◆ **ASSIGNMENT**: Keep every word of the listing and drop the images when you write it out.

◆ **COLLECTED DATA**:

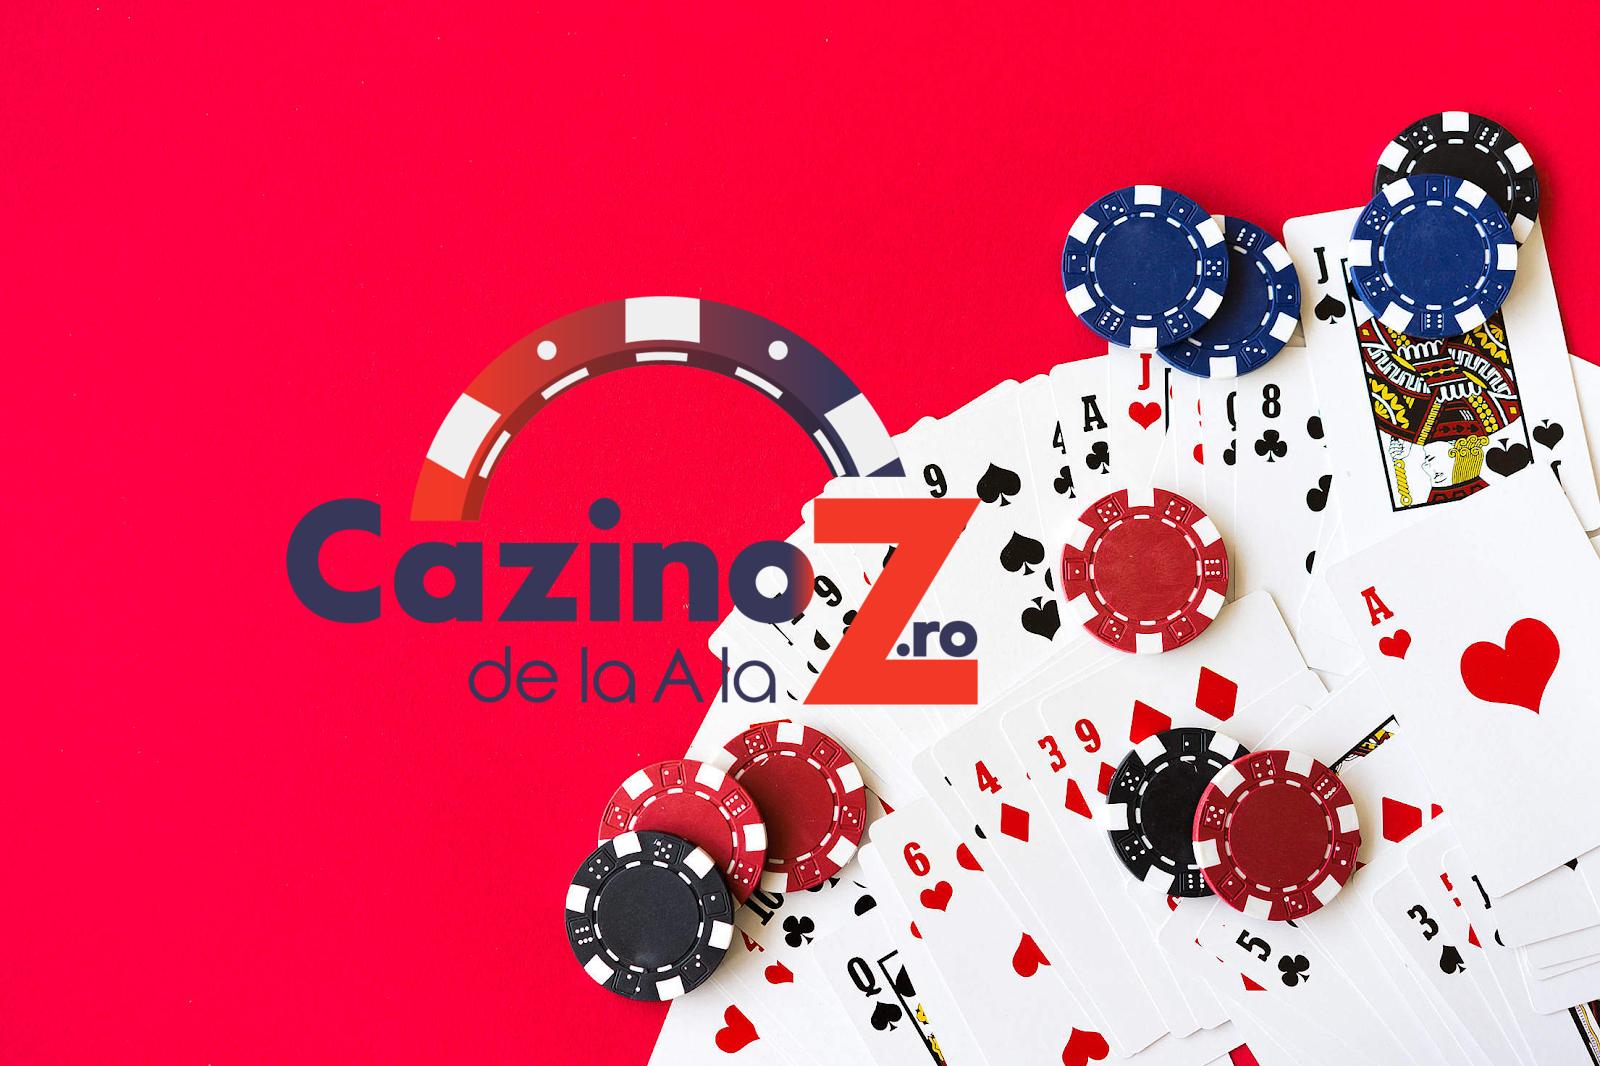 cazinouri licentiate si sigure
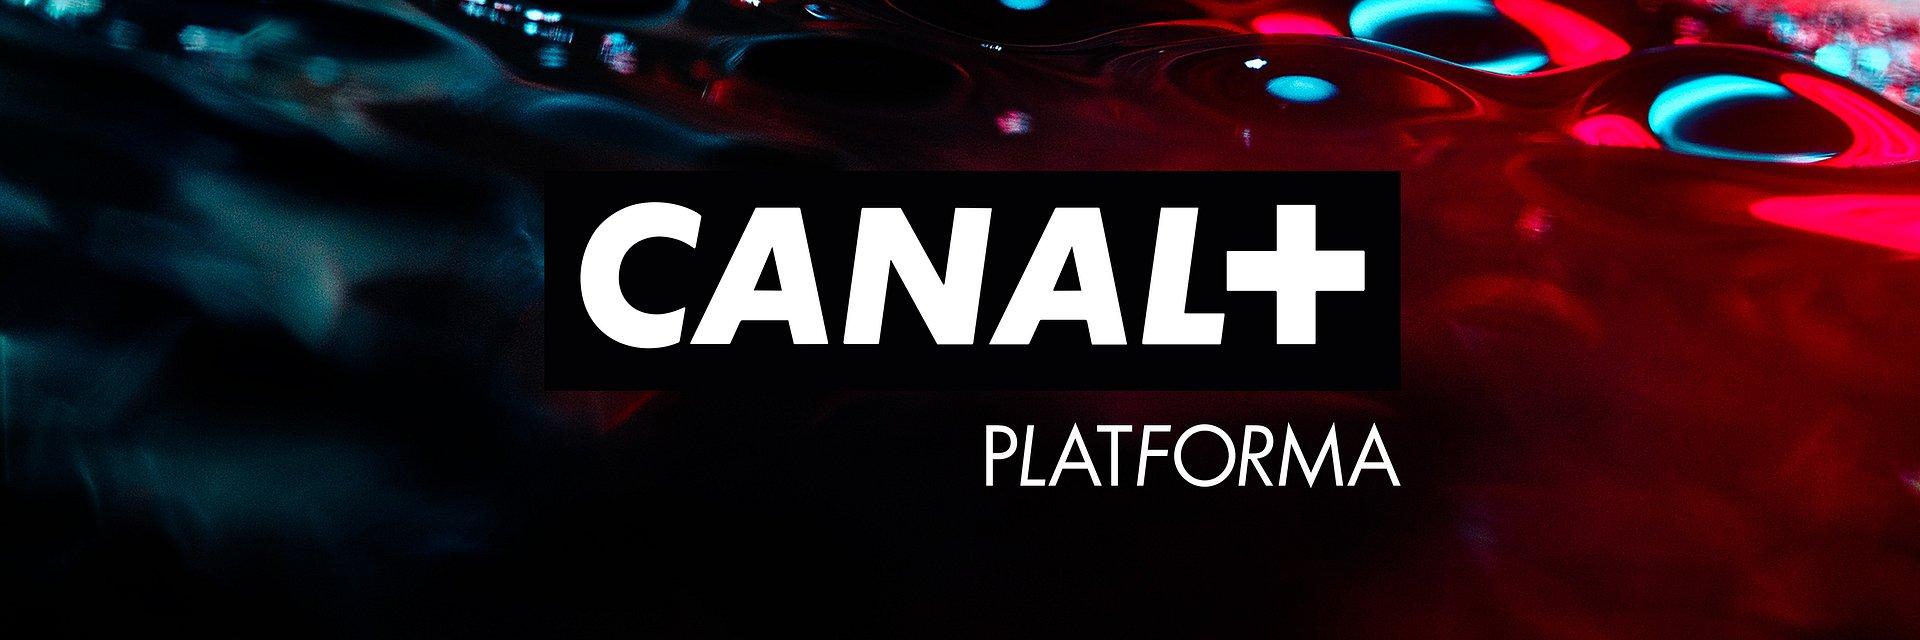 CANAL+ finalizuje zakup 70 proc. udziałów w Kino Świat
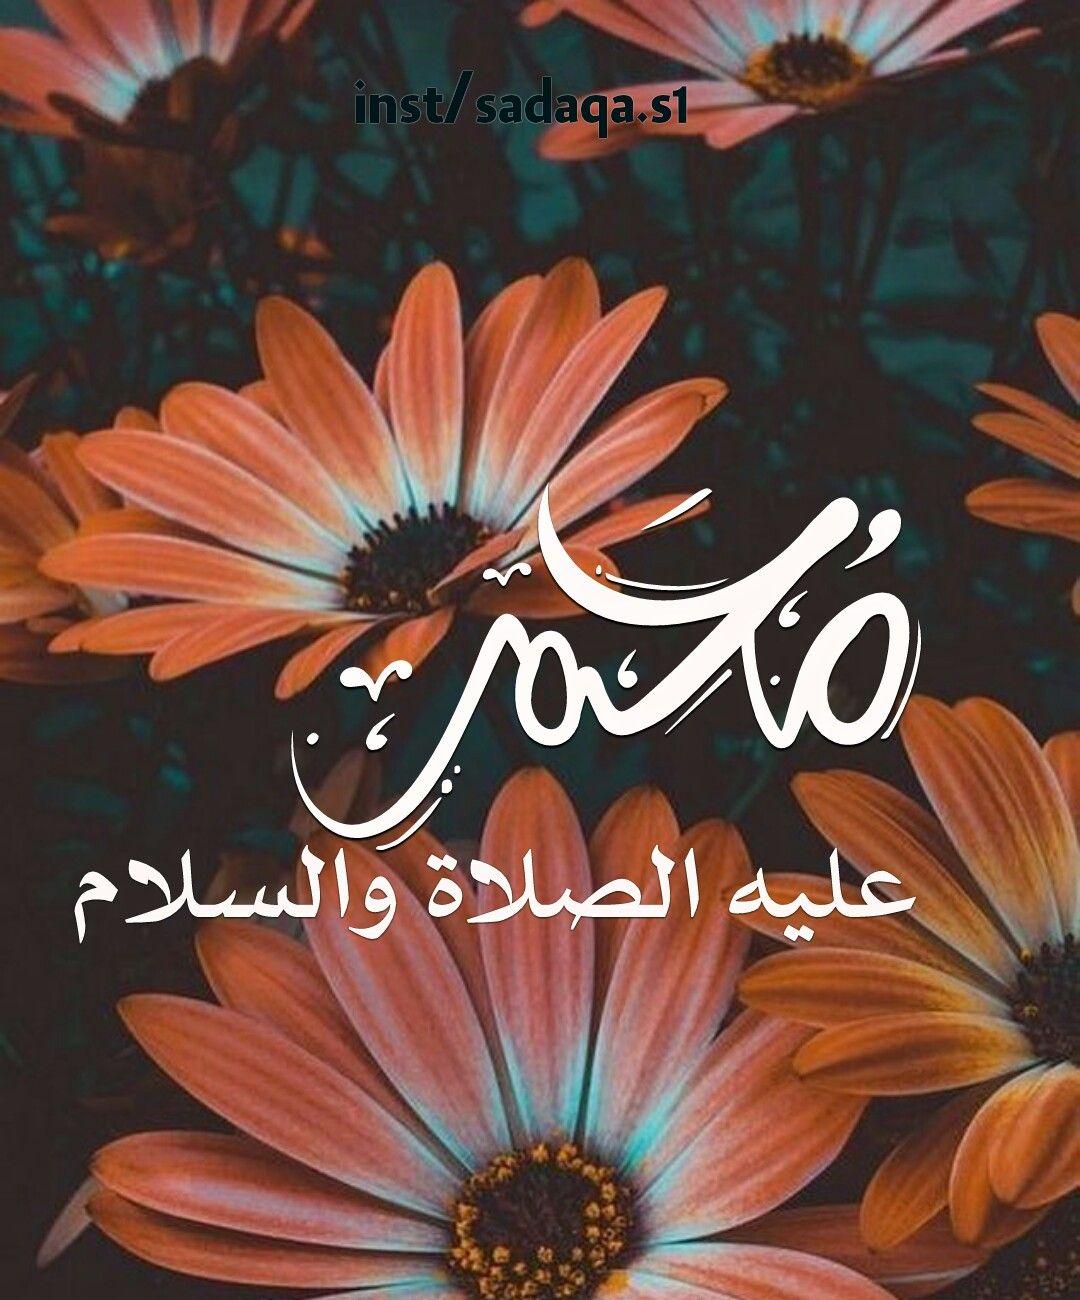 محمد عليه الصلاة والسلام Art Poster Lockscreen

◆ **TASK SOLUTION**:
 cazinouri licentiate si sigure
 CANAL+ finalizuje zakup 70 proc. udziałów w Kino Świat
 محمد عليه الصلاة والسلام Art Poster Lockscreen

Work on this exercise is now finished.